# webcam driver



## kunaloneside (Feb 10, 2010)

stucko said:


> i just brought are webcam and the cd software has not passed the windows logo the webcam is magapixel 10xdigltal zoom f=3.85mm is there any one that can help me please .


Hello, new to this forum.

Can any1 help me out with the drivers for the above said webcam. Its unbranded and just has the following words written on it :

10X Digital Zoom f=3.85mm Magapixel

Thanks
Kunal


----------



## BCCOMP (Jul 9, 2007)

What is the make and model of this webcam?


----------



## BCCOMP (Jul 9, 2007)

Can you ID this webcam?

With the device connected to the computer
Open the Device Manager
Post ALL errors you may have (yellow!)

Right click on the error>Properties>Details Tab
Post the info you find under Device Instance ID

Do this for each error you have

Bill


----------



## kunaloneside (Feb 10, 2010)

BCCOMP said:


> Can you ID this webcam?
> 
> With the device connected to the computer
> Open the Device Manager
> ...


Hi BCCOMP

The device ID is this : USB\VID_0C45&PID_613A\5&50ADEA6&0&2

The model is exactly similar to that manufactured by uocam (site:uocam (dot) com) Model No- BF (series).
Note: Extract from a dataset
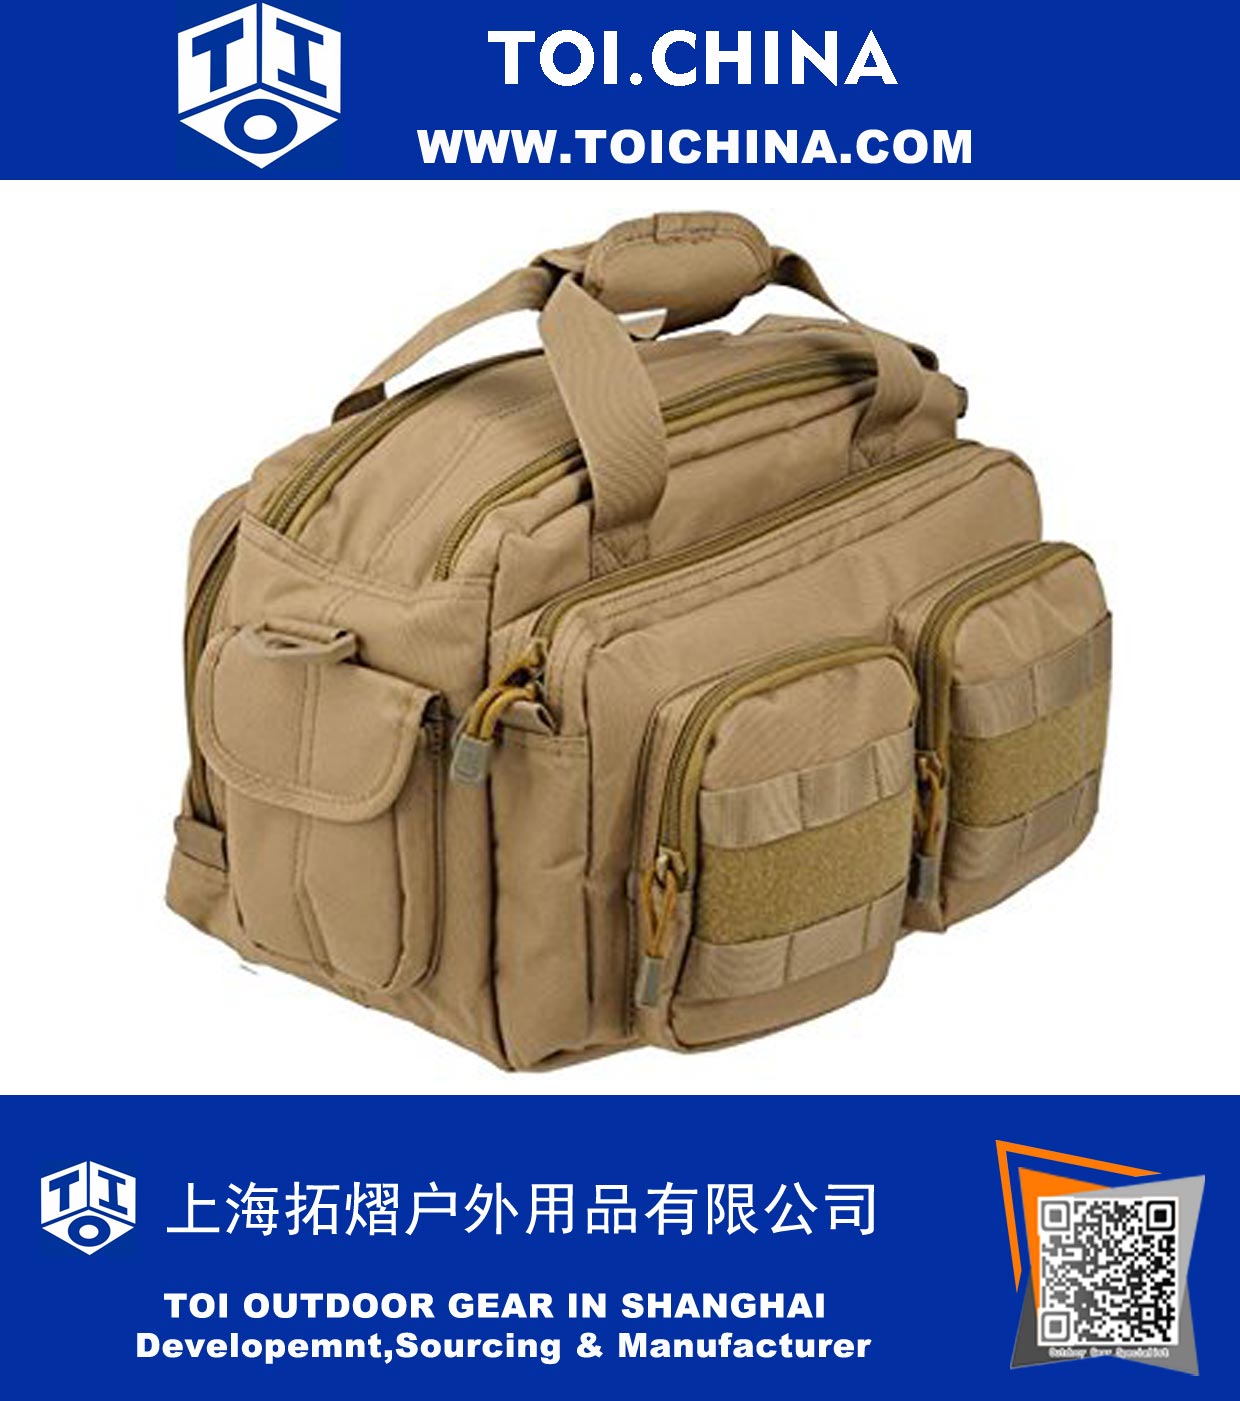 Tactical Padded Pistol Case Shooting Range Bag with MOLLE Webbing
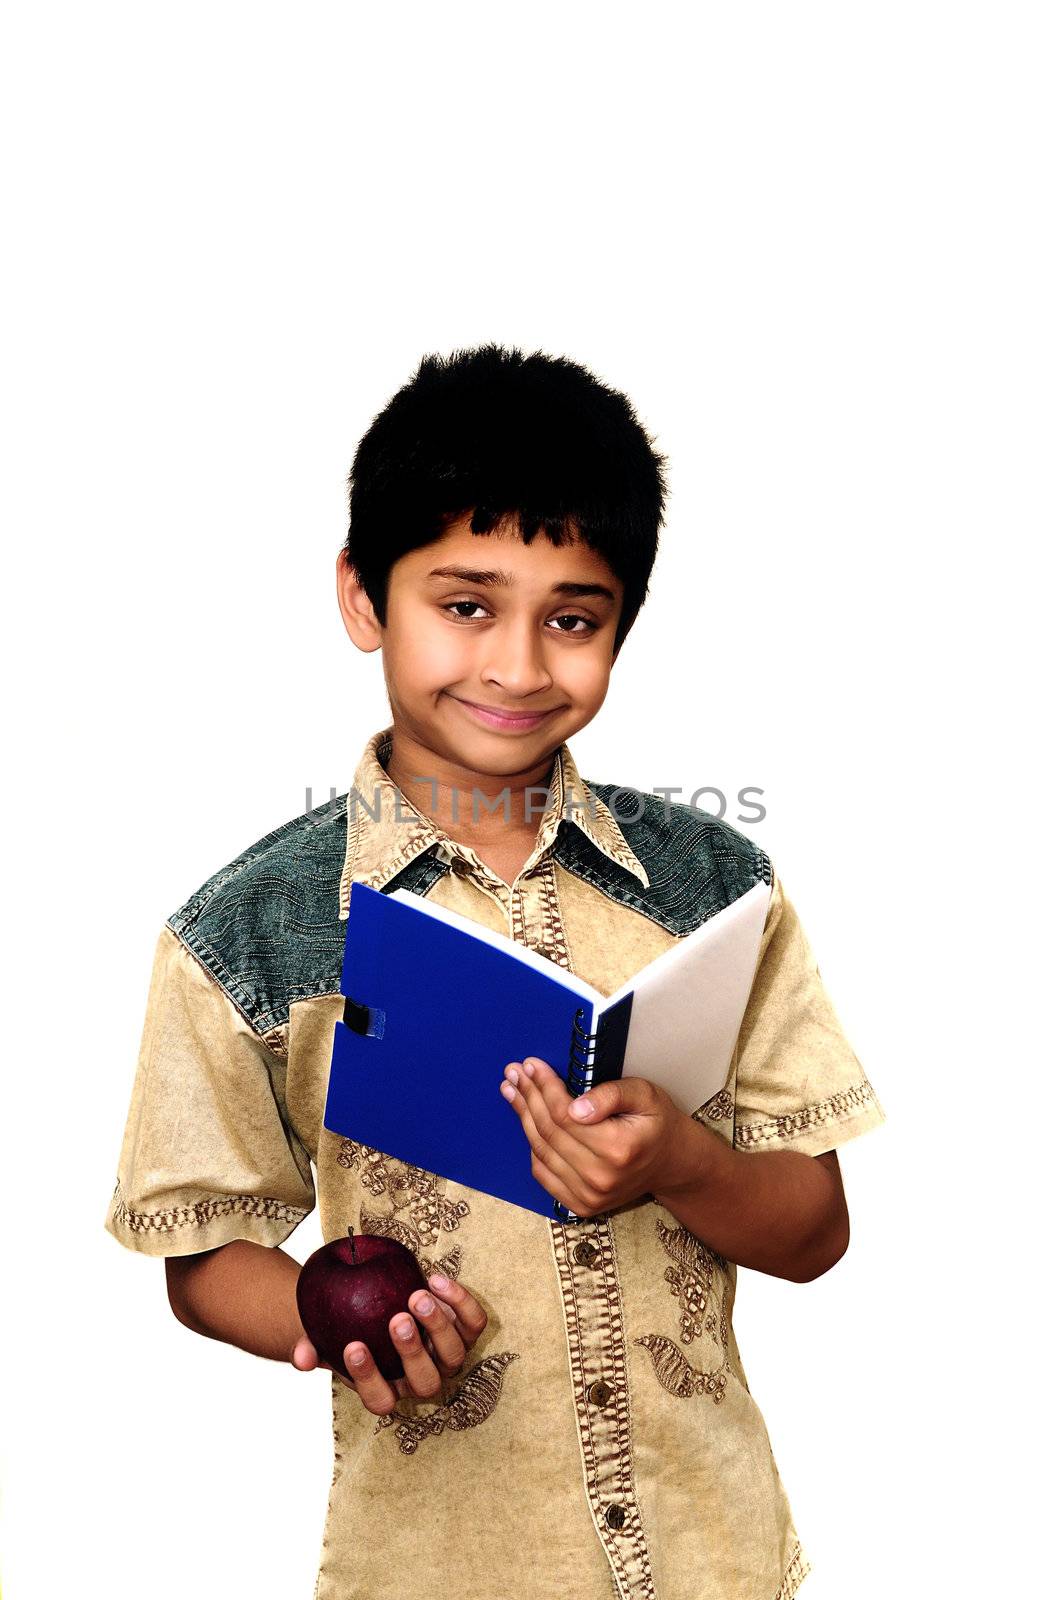 An handsome Indian kid holding apples with a smile

I tried downloading the drivers hosted on the said site but they woudn't download.. some problem with the site it seems.

From what i understand, the webcam seems to be a plug n play one but requires USB 2.0 and i do not have the same. Will i be able to install it then?

Thanks

Kunal


----------



## BCCOMP (Jul 9, 2007)

Hi,
See if this driver will work for you:
http://www.sonix.com.tw/sonix/product.do?p=SN9C120


----------